Или боитесь, что я могу вас безнаказанно убить на Паддингтонском вокзале? Да мне не дадут пройти и ста шагов.
— А зачем тогда он вам нужен?
— Я хочу убежать много дальше, чем вы думаете.
И он сказал совсем тихо: — Я не хочу, чтобы меня пытали. — Он наклонился вперёд, и в казённом зеркале за его спиной отразился пушистый хохолок, который он не успел пригладить.

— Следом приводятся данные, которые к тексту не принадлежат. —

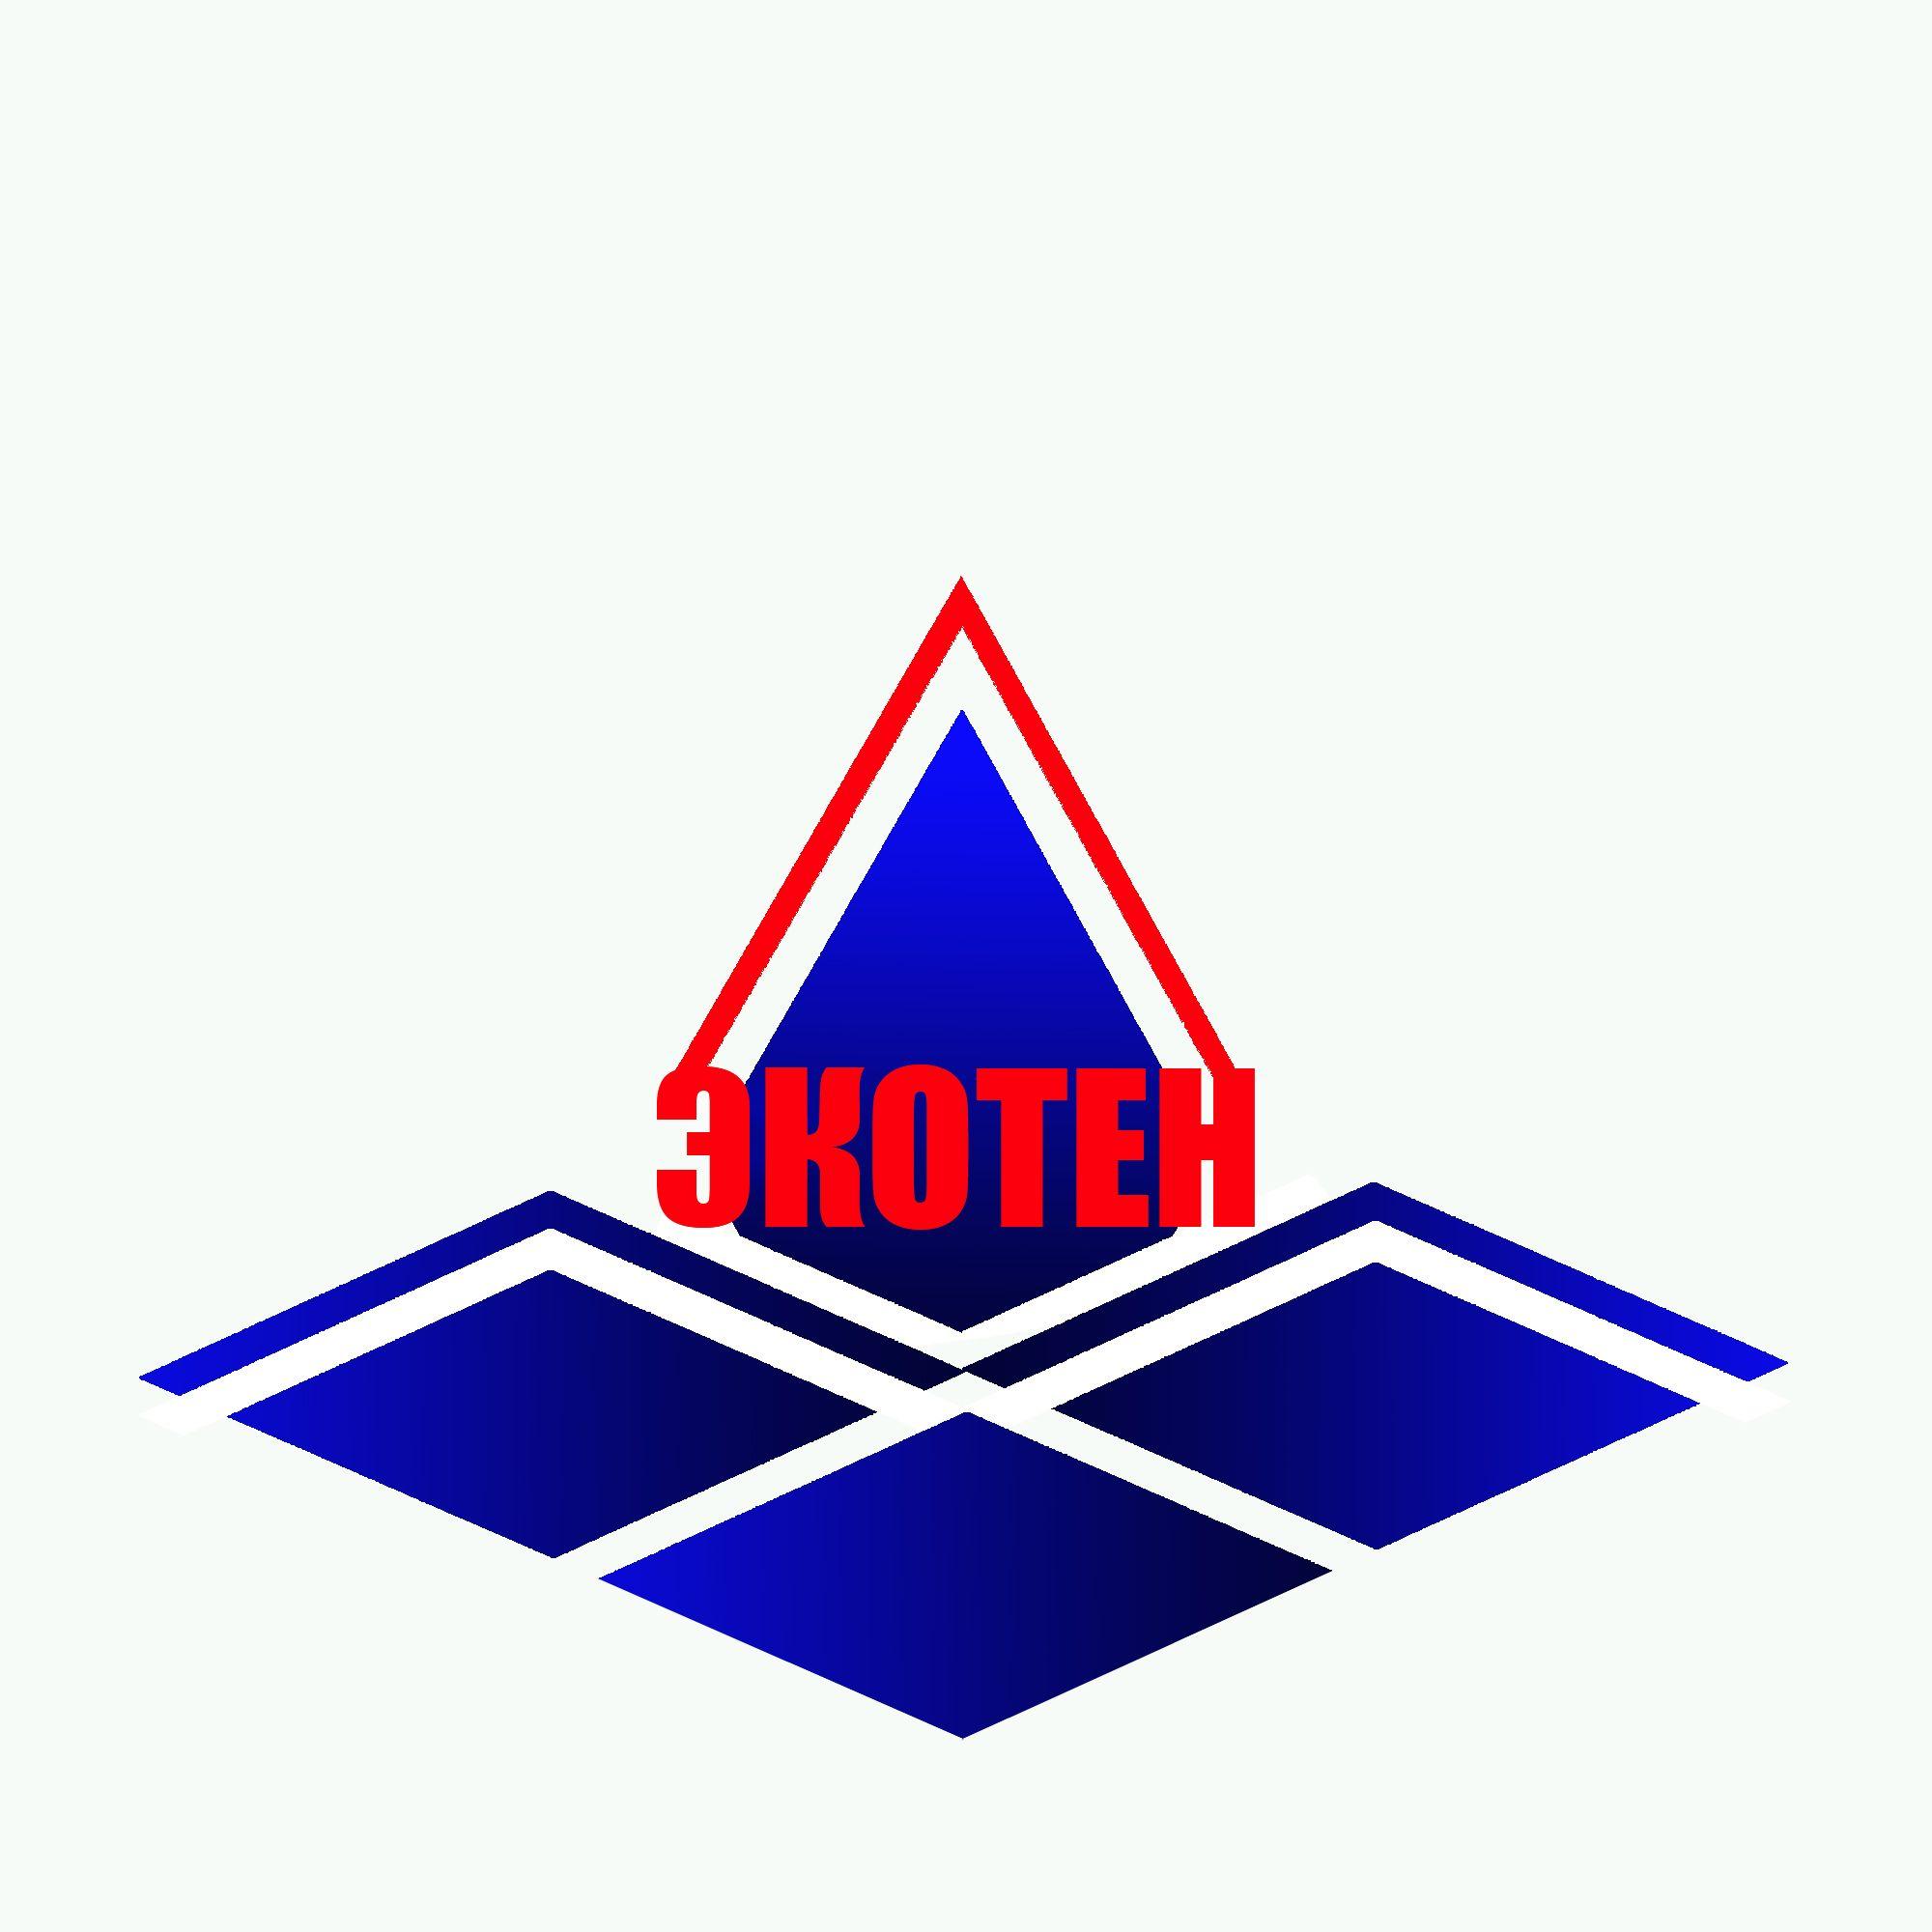 Логотип для научно - технического концерна - дизайнер Velo16
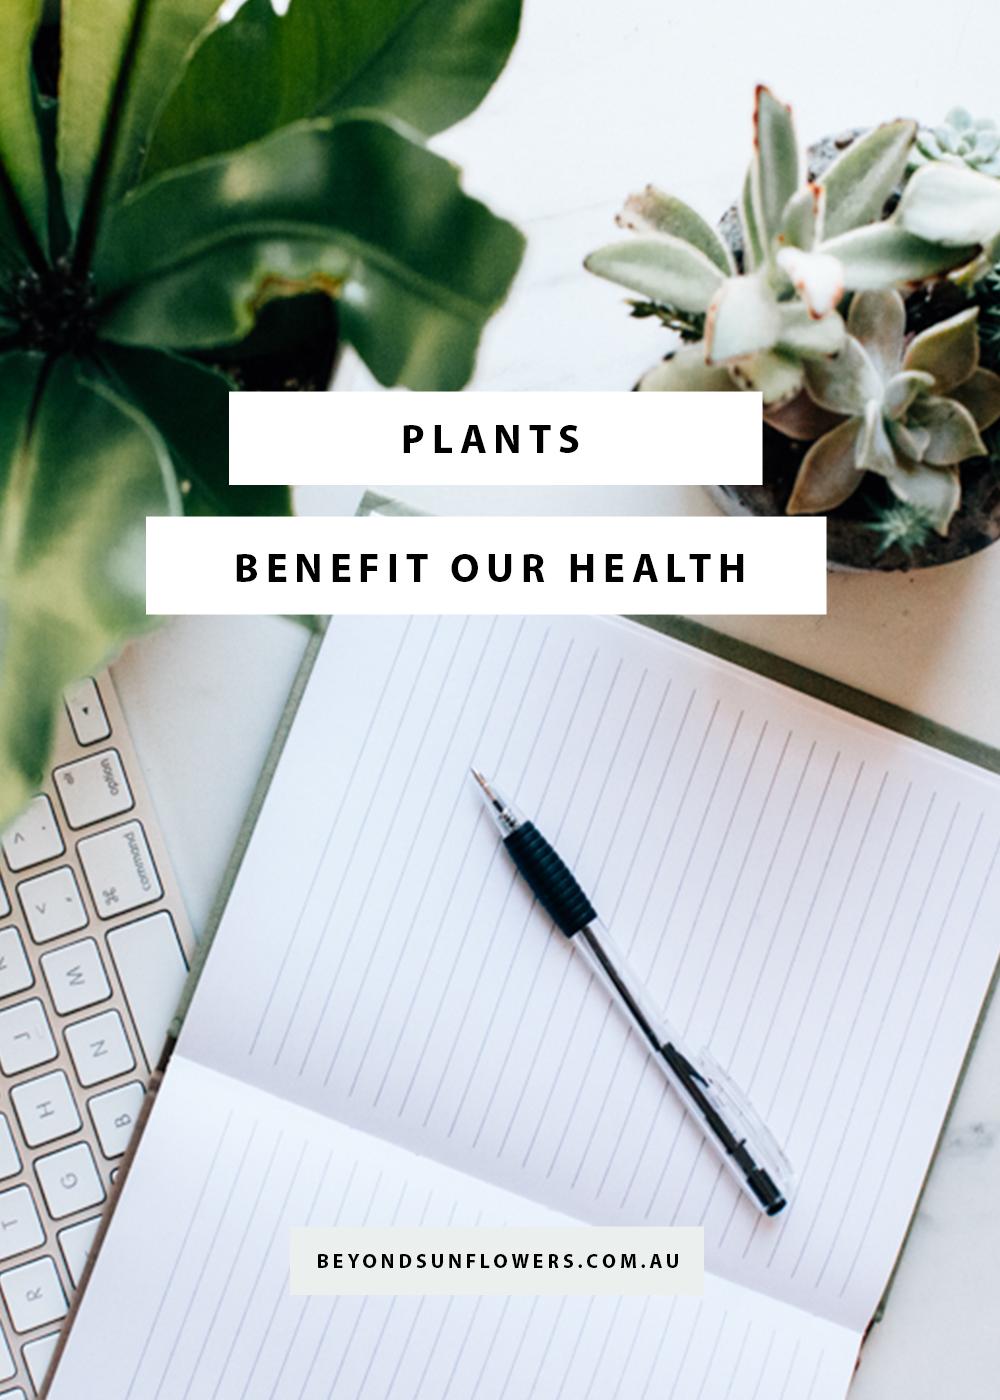 Plants benefit our health

— У нас не пытают заключённых.
— Да ну? И вы в это верите? Вы думаете, что уж так не похожи на нас?
— Да.
— Я бы за это не поручился. Я-то знаю, что мы делаем со шпионами. Они понадеются, что заставят меня говорить, и они заставят меня говорить… — Хильфе снова произнёс мальчишескую фразу: — Нет уж, давайте лучше меняться! — Трудно было поверить, что он виновник стольких смертей. Он настойчиво уговаривал: — Роу, я верну вам память. Никто другой этого не сделает.
— Анна.
— Она никогда ничего вам не скажет. Что вы, Роу! Она ведь и отпустила меня, потому что я грозился… вам все рассказать. Она хочет, чтобы вы остались таким, как сейчас…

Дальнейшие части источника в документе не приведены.